** SUPPLIED MATERIAL follows **
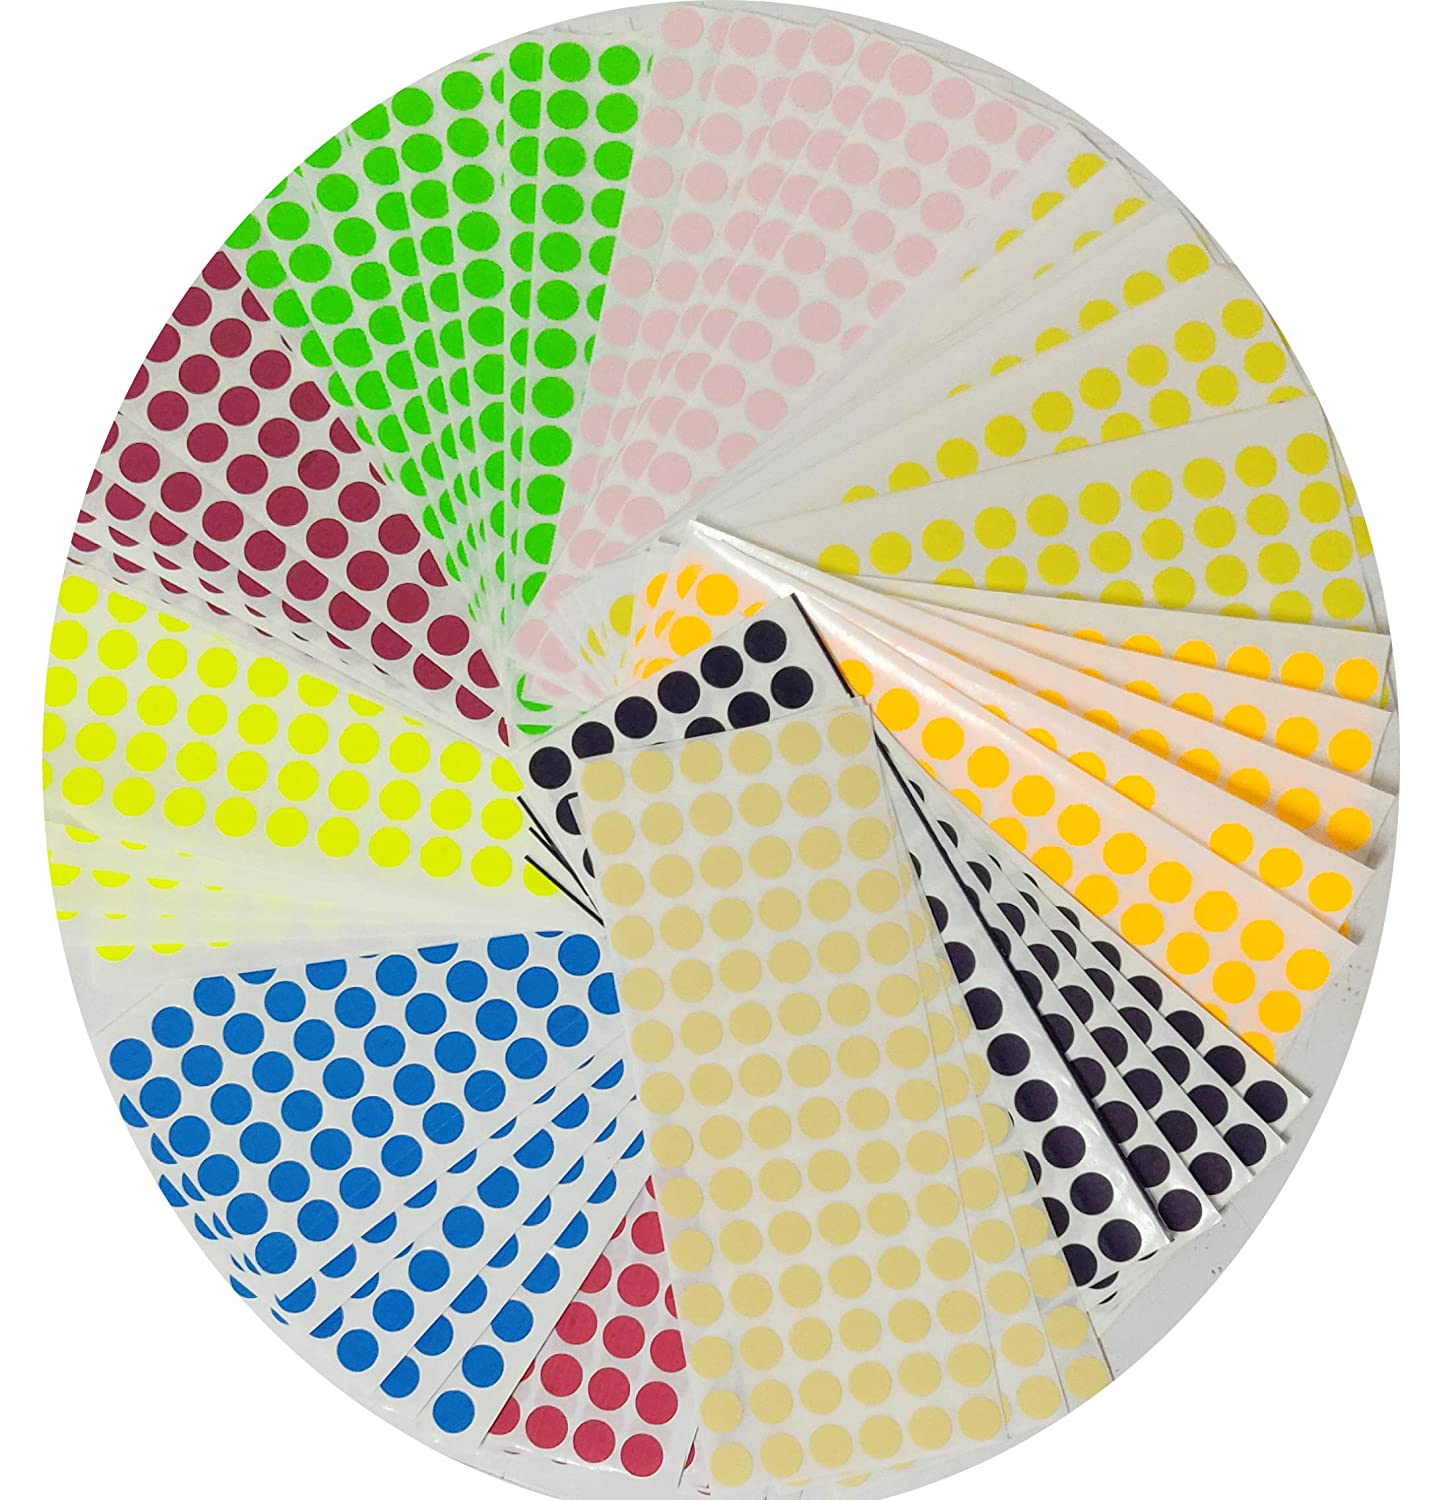 AccuPrints Coloured Round Dots 10-mm or 1 cm or 0.37 inch Stickers for Art and Craft & Games
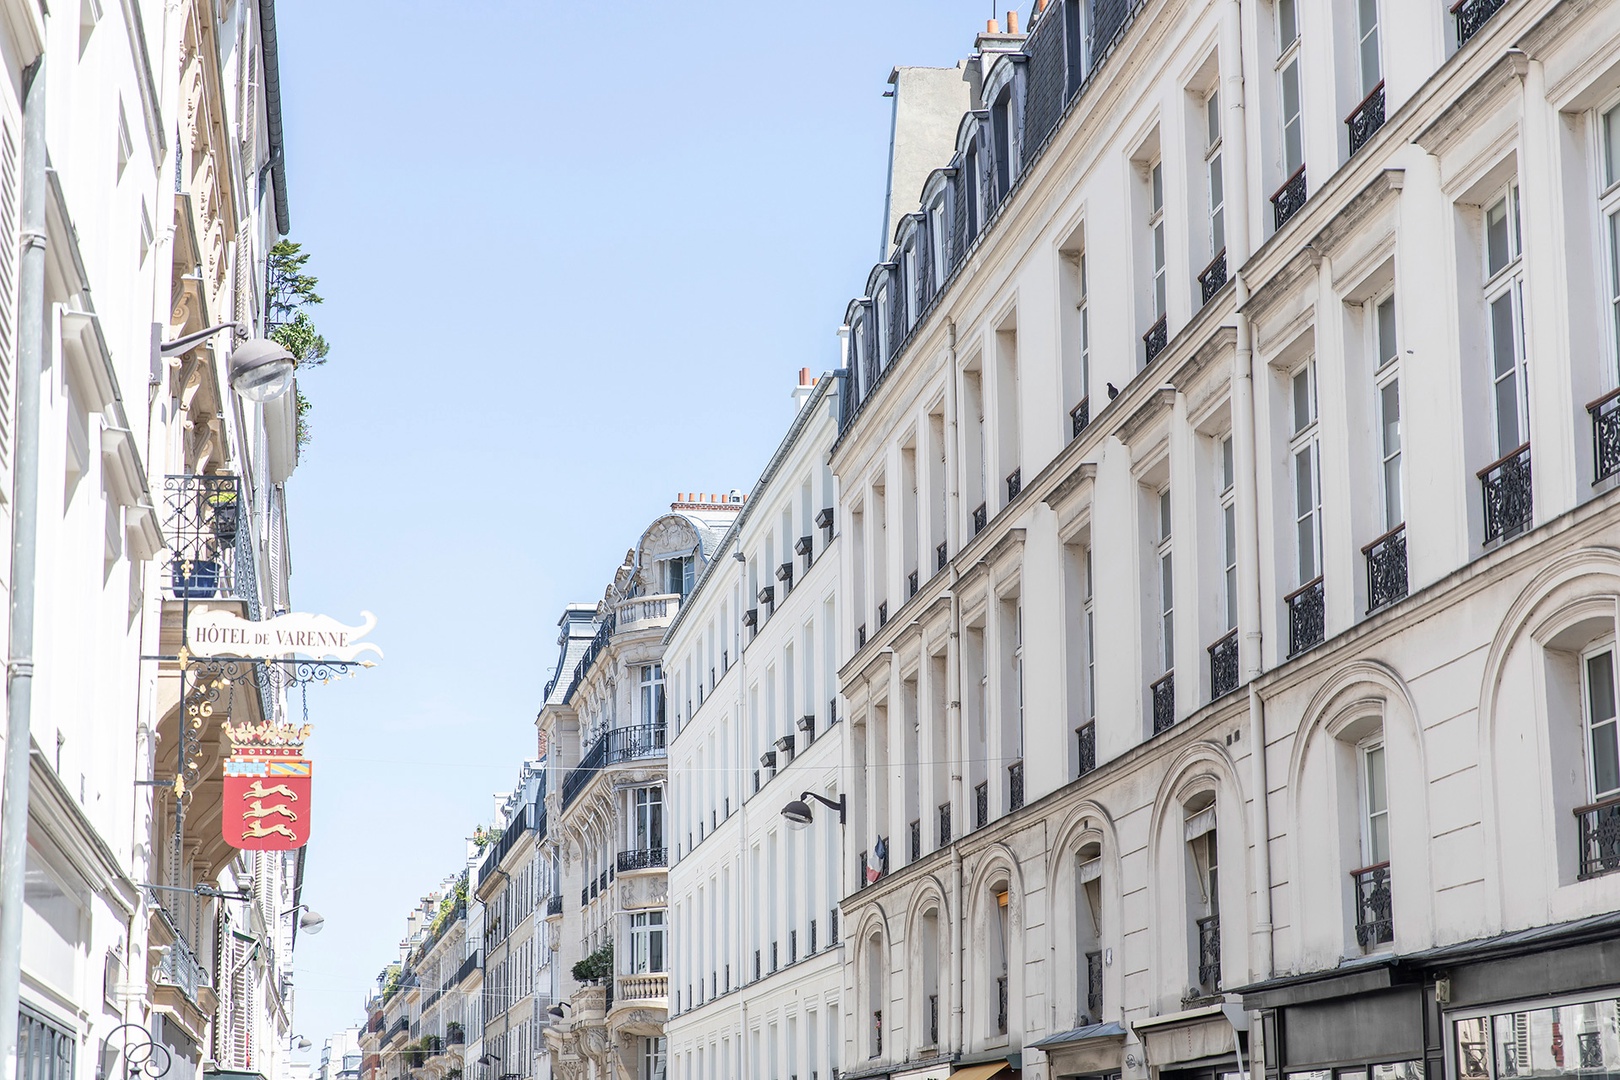 The Montrose is located on a charming street in the 7th arrondissement.
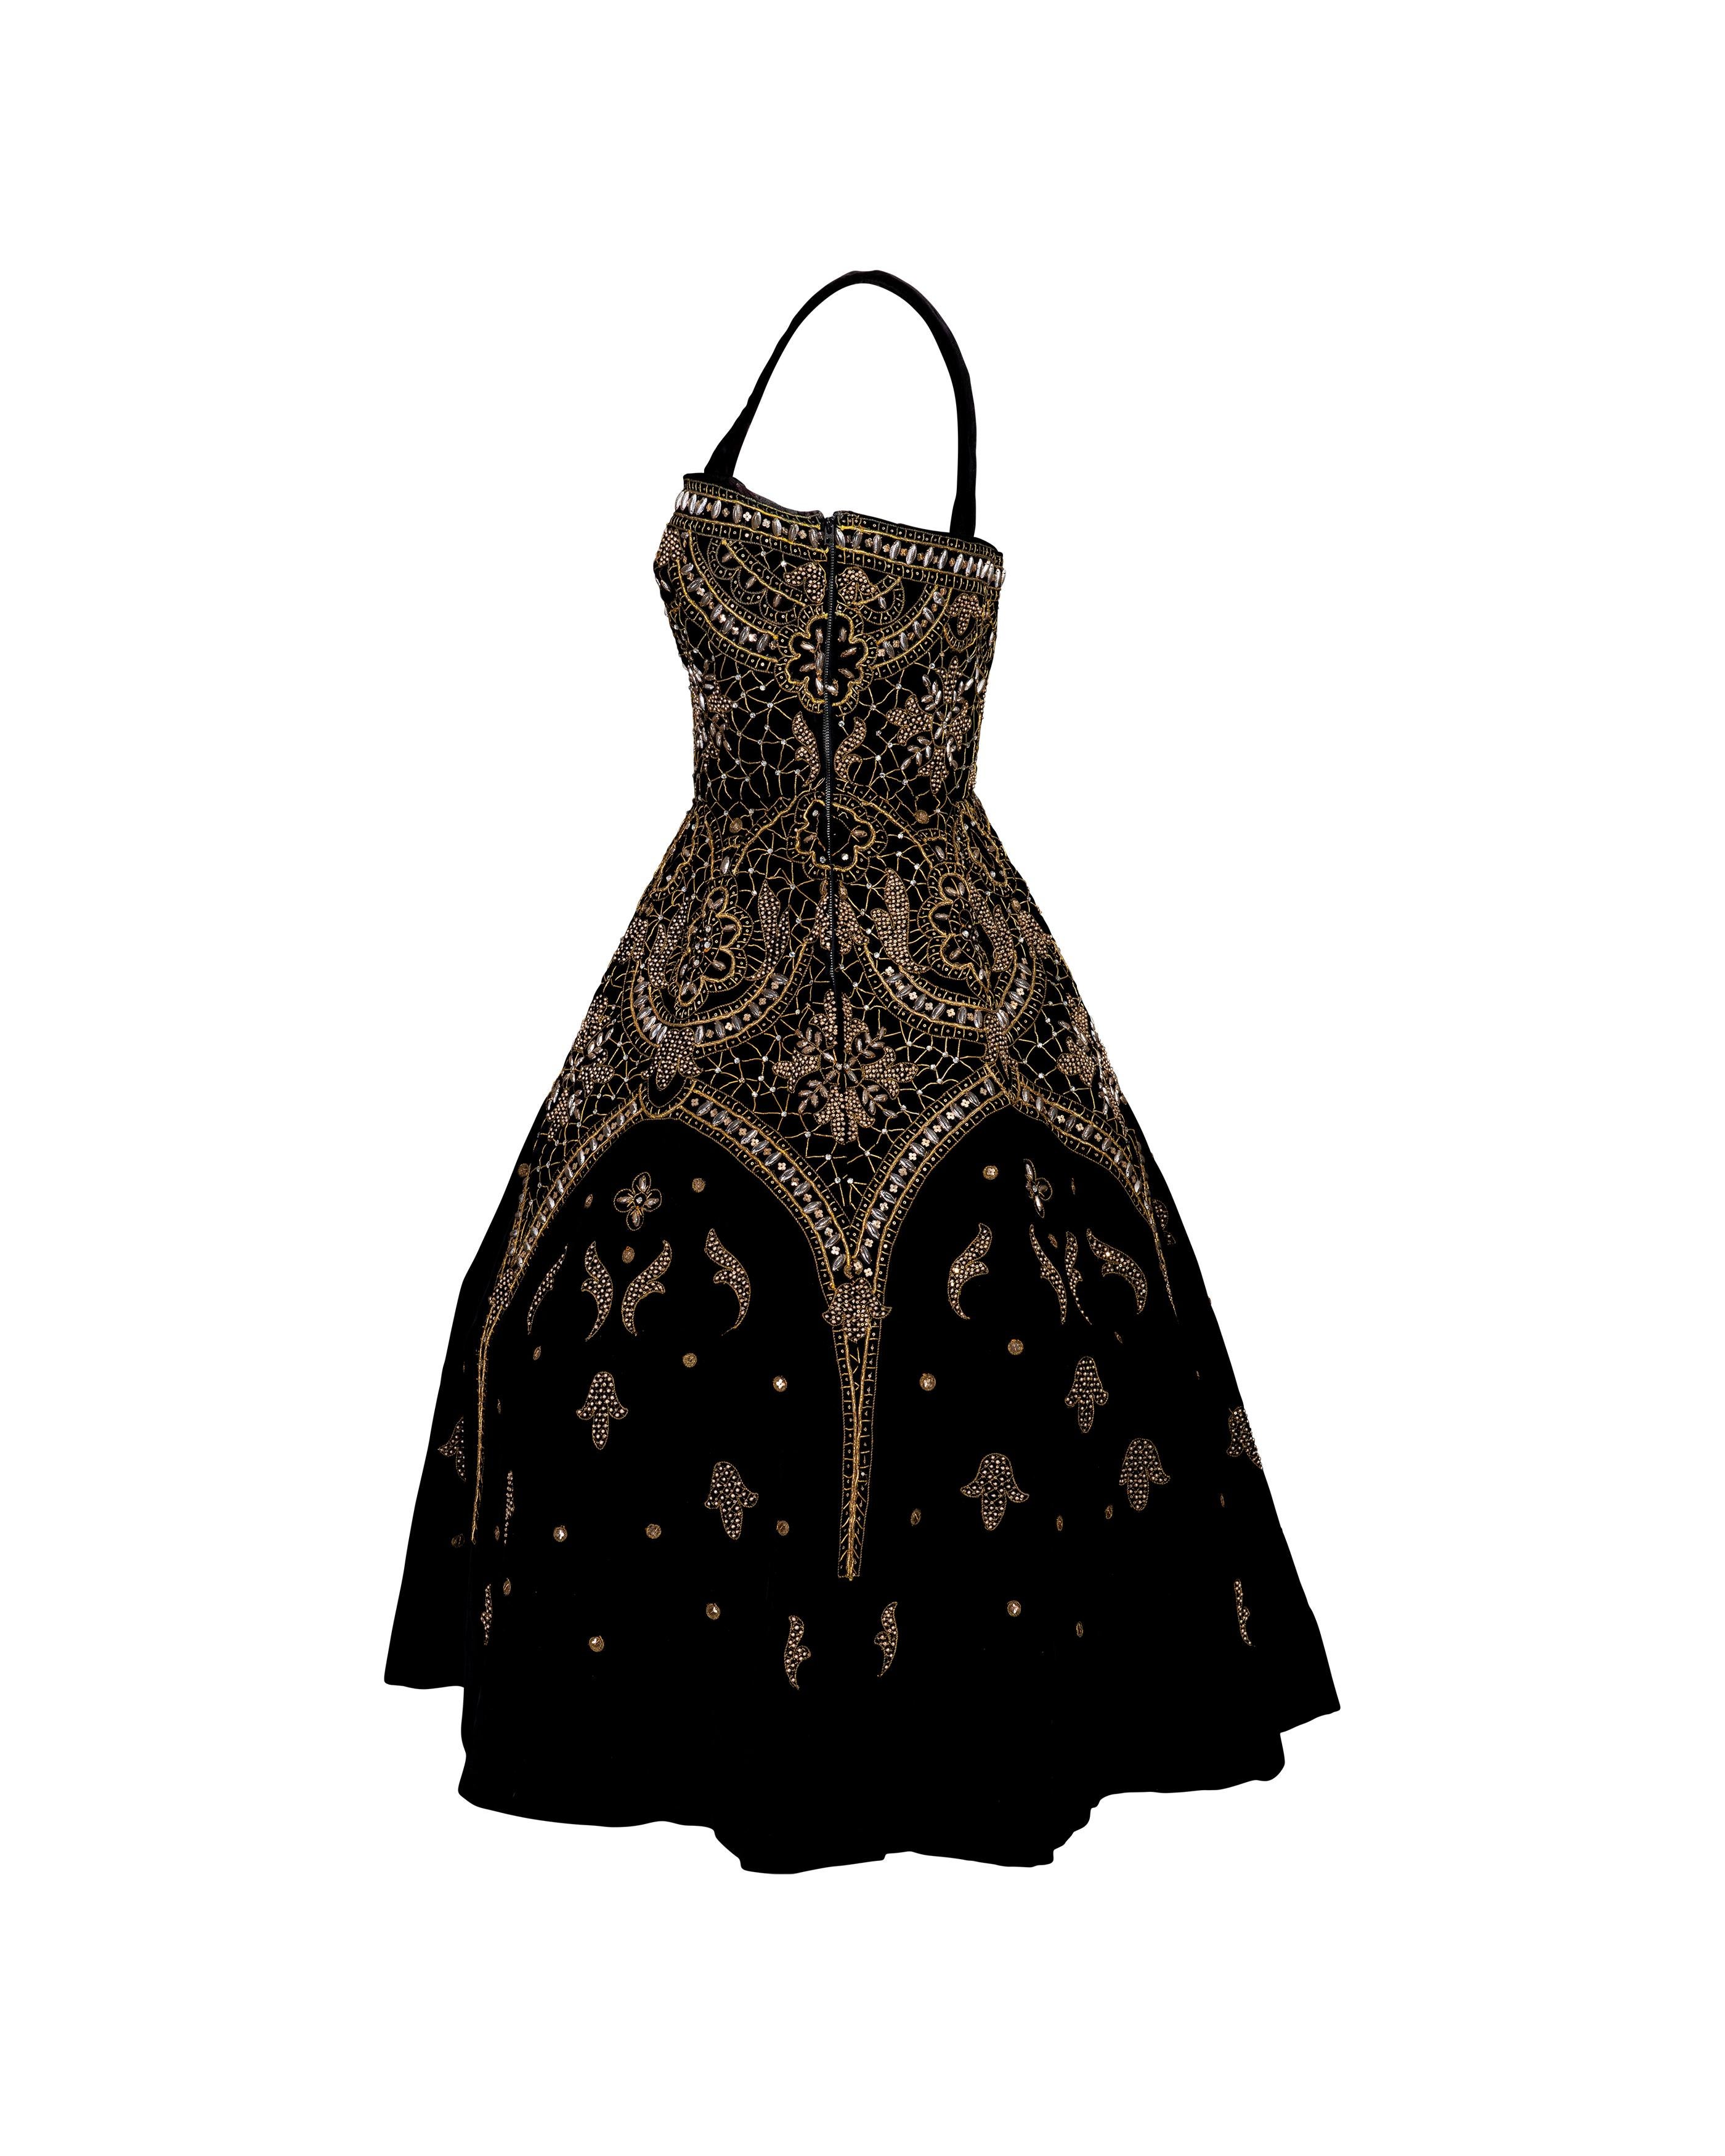 Women's A/W 1956 Jeanne Lanvin Haute Couture Black and Gold Embroidered Velvet Dress For Sale
** End of SUPPLIED MATERIAL **
Copy every line of the data exactly as written, excluding the pictures.

 AccuPrints Coloured Round Dots 10-mm or 1 cm or 0.37 inch Stickers for Art and Craft & Games
 The Montrose is located on a charming street in the 7th arrondissement.
 Women's A/W 1956 Jeanne Lanvin Haute Couture Black and Gold Embroidered Velvet Dress For Sale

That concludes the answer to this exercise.